La novità

Al via le attività per il natale degli esercenti de "Le vie del centro"

Da quelle che erano solo tre vie coinvolte, via R. Margherita, corso Cavour e viale Crispi, un passo alla volta il comitato è diventato associazione: sempre più commercianti aderenti e soprattutto più vie dello shopping incluse

Attualità
Andria venerdì 22 novembre 2019
di la redazione
Al via le attività per il natale dell’associazione degli esercenti “Le vie del centro”
Al via le attività per il natale dell’associazione degli esercenti “Le vie del centro” © n.c.

Sabato la città di Andria si addobba per il Natale. Le luminarie sono solo la prima iniziativa pensata dall’associazione “Le vie del centro”. Riunitasi nei giorni scorsi, Le Vie del Centro ha visto la partecipazione di altri e nuovi esercenti che hanno aderito a quello che, ricordiamo, era il progetto di un piccolo gruppo di volenterosi esercenti del centro cittadino che nel 2017 mise su un comitato con l’obiettivo di valorizzare e far crescere il piccolo commercio in città.

Da quelle che erano solo tre vie coinvolte, via R. Margherita, corso Cavour e viale Crispi, un passo alla volta il comitato è diventato associazione: sempre più commercianti aderenti e soprattutto più vie dello shopping incluse nel comitato.

Novità principale di questo Natale 2019 è l’adesione anche di via Firenze, via Duca di Genova e via Bari. Il 23 novembre, quindi, accensione delle prime luminarie, sul modello di quelle realizzate già nell’anno precedente da parte di un artigiano locale, ispirate alle luminarie tradizionali pugliesi. Ma è solo la prima novità. «Grazie all’intervento di uno sponsor privato – spiega il presidente dell’associazione “Le vie del Centro”, Stefano Giurano – le installazioni luminose non saranno l’unico evento a cui abbiamo pensato. Sono in programma una serie di iniziative che coinvolgeranno la città per tutte le festività natalizie. Questo a dimostrazione del fatto che non vogliamo perseguire un interesse di categoria, ma vogliamo valorizzare la città nel suo complesso e ci piacerebbe per questo interagire con le istituzioni, in primis con il Commissario Straordinario a cui vogliamo presentare il nostro modello di città, di vivibilità, di iniziative mirate a incentivare l’economia.

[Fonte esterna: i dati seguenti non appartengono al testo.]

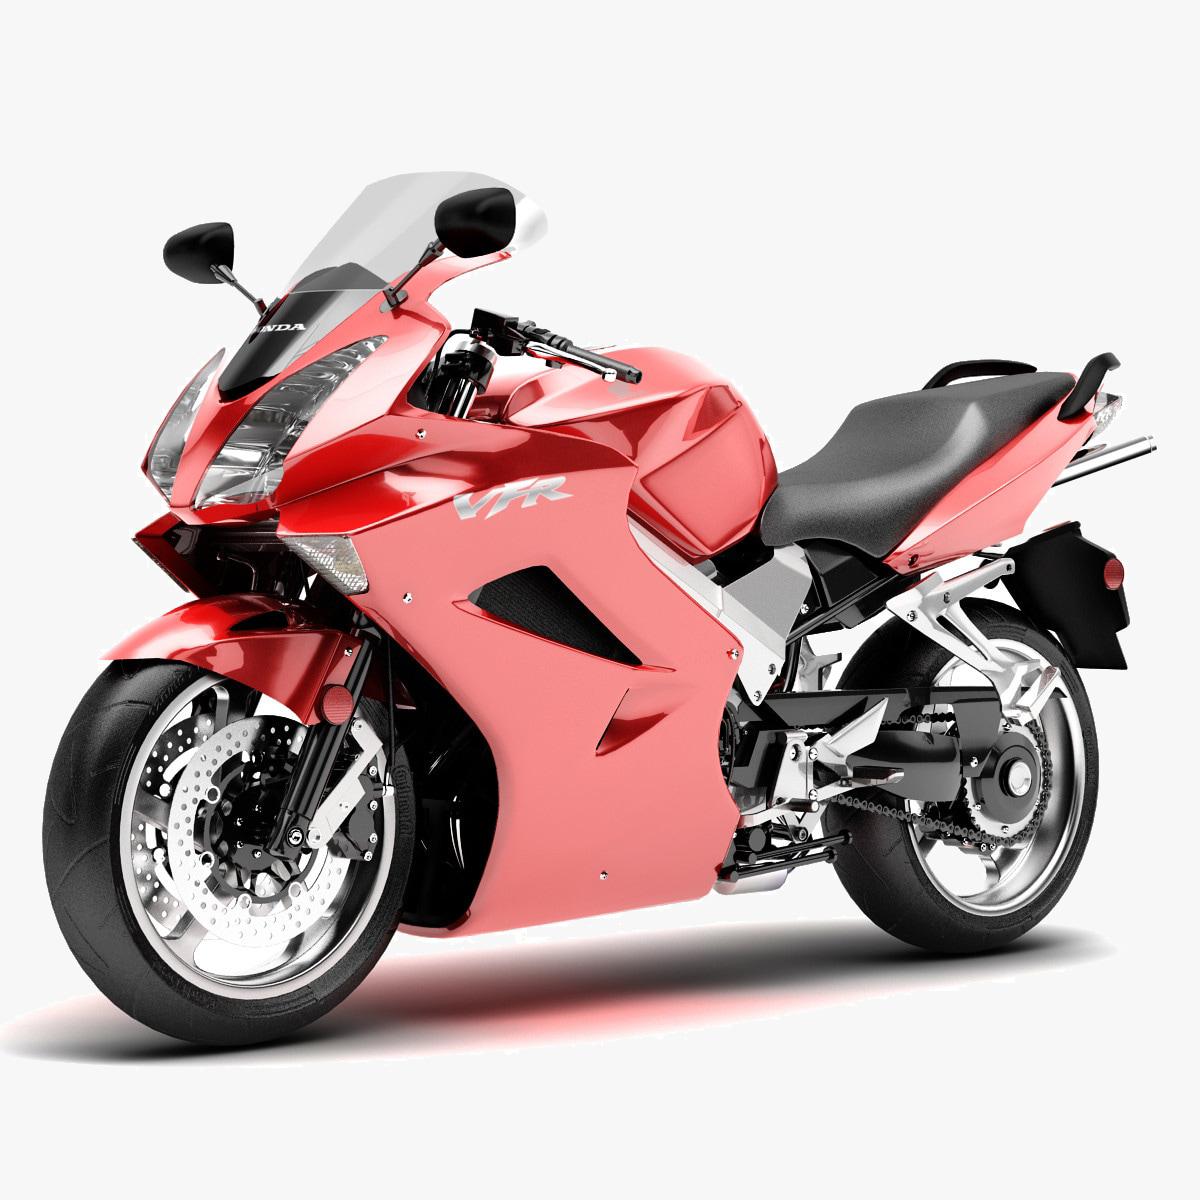 Obj Motorcycle Honda Vfr 800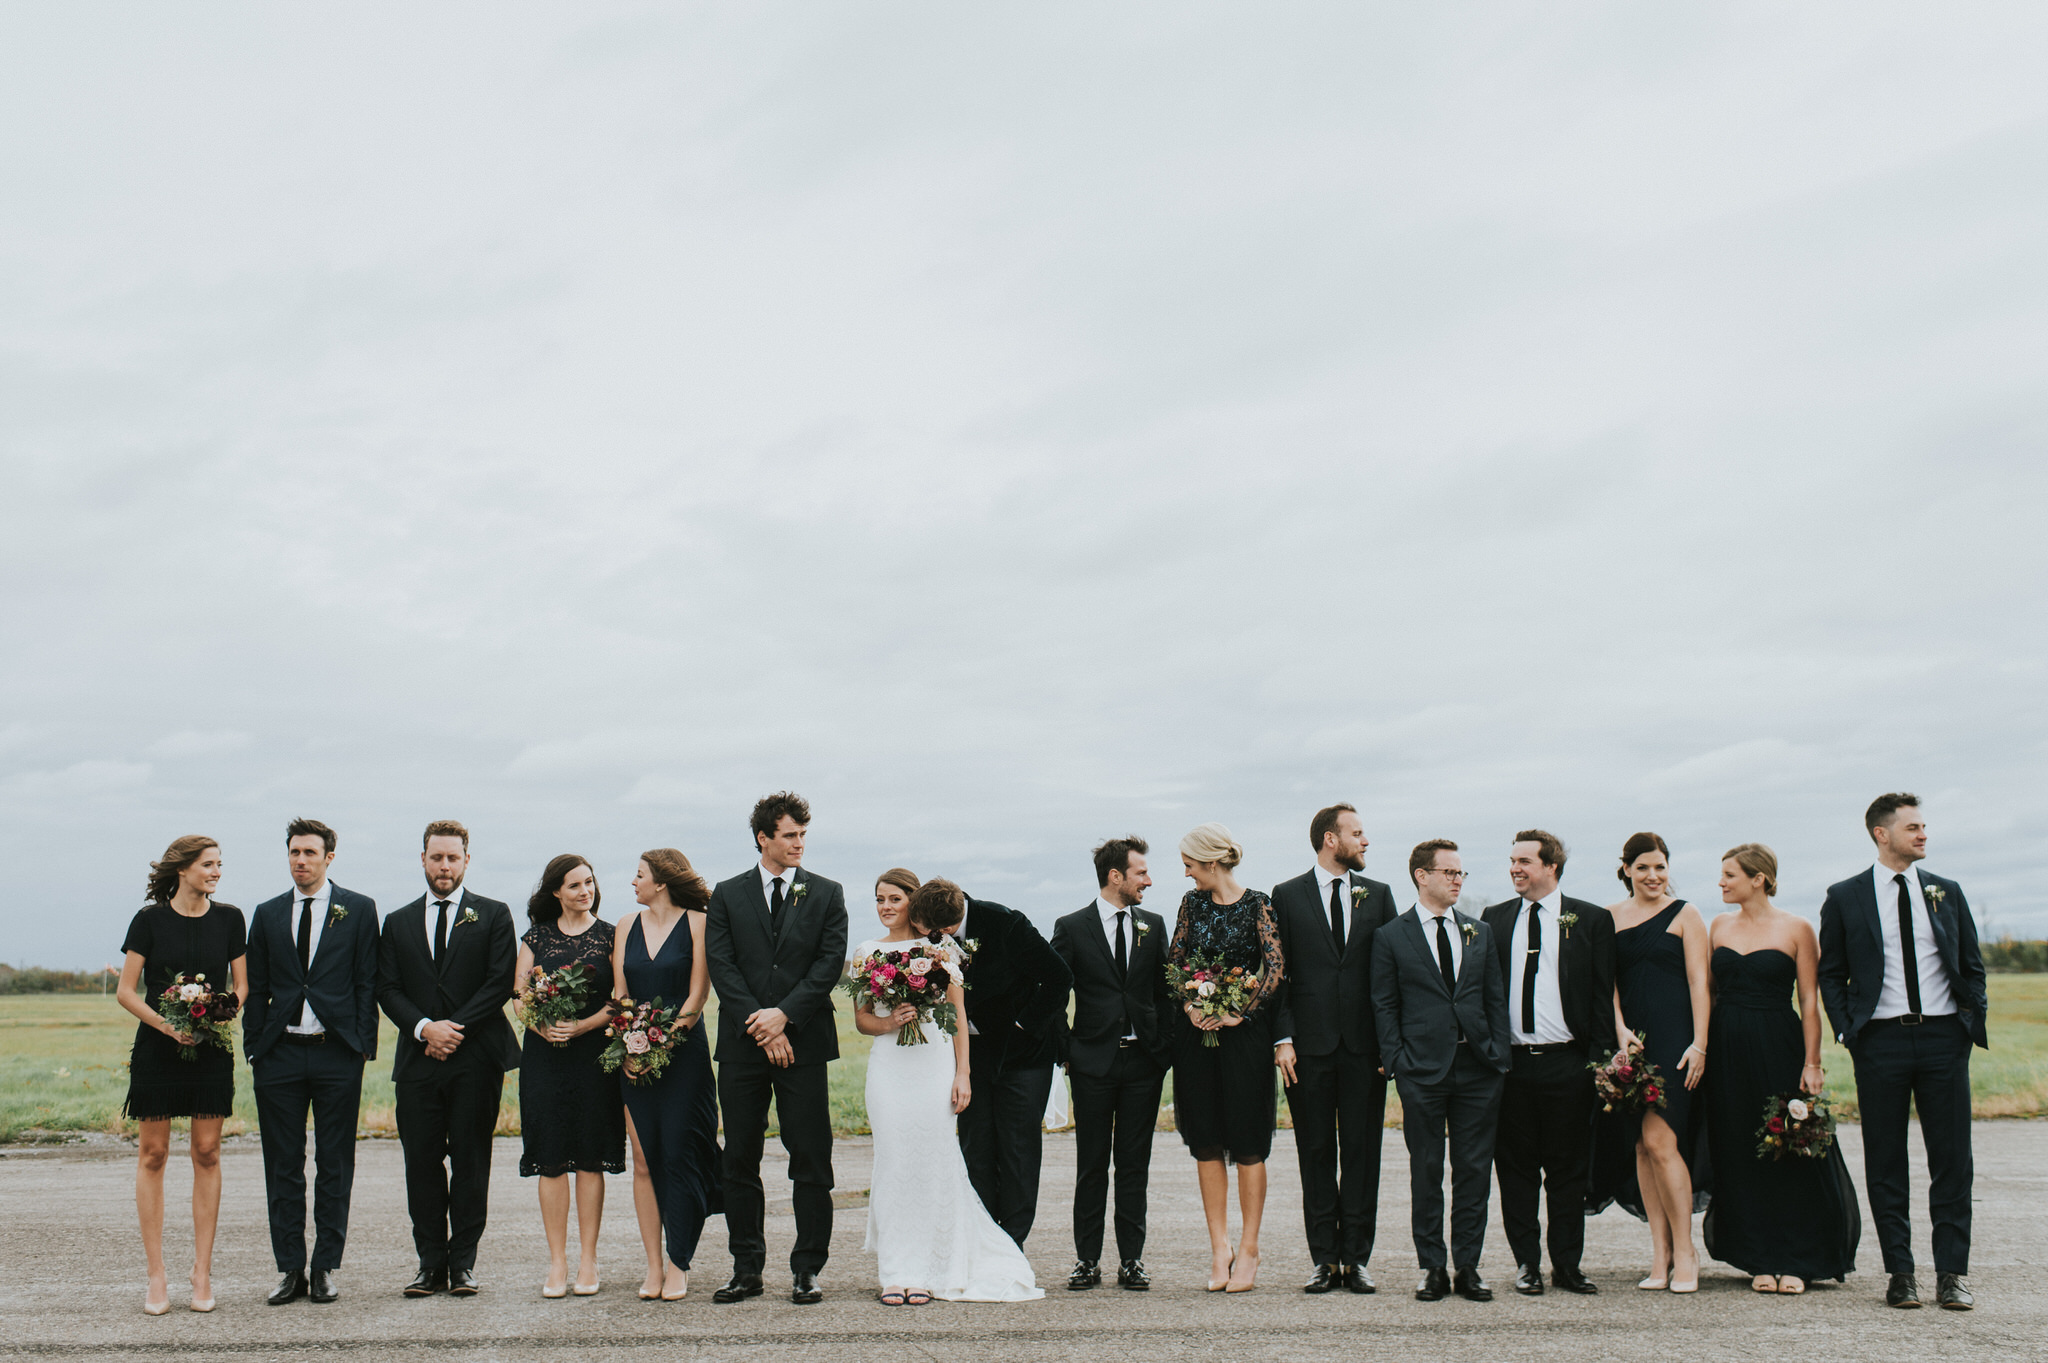 scarletoneillphotography_weddingphotography_prince edward county weddings058.JPG

Altra novità per Natale 2019, l’invito a partecipare alla comunità per i professionisti i cui uffici si affacciano sulle “Vie del Centro”, come avvocati, commercialisti, architetti. Tutti dobbiamo sentirci coinvolti in questa “rinascita” della città, che parte a Natale ma deve svilupparsi tutto l’anno». Restano ferme le priorità di programma a cui “Le vie del centro” si era ispirata fin dalla sua costituzione: particolari orari di apertura e chiusura, parcheggi, arredo urbano, programmi comuni relativi ad orari, eventi culturali, artistici, partecipazione a bandi e soprattutto dialogare con le istituzioni.

«E il primo esperimento avrà luogo proprio domenica 24 novembre – aggiunge il vicepresidente Tommaso Leonetti – Ci sarà la prima apertura domenicale della stagione con nuovi orari per tutti gli esercenti: dalle 10:30 alle 13:30 e dalle 17:30 alle 20:30 con la manifesta volontà da parte di tutti gli aderenti di tornare all’orario invernale delle aperture domenicali come un tempo. E questo è solo un primo risultato dell’azione in rete – conclude Leonetti - Siamo da sempre convinti che l’unione e la partecipazione dialogante e reciproca sia davvero la soluzione vincente».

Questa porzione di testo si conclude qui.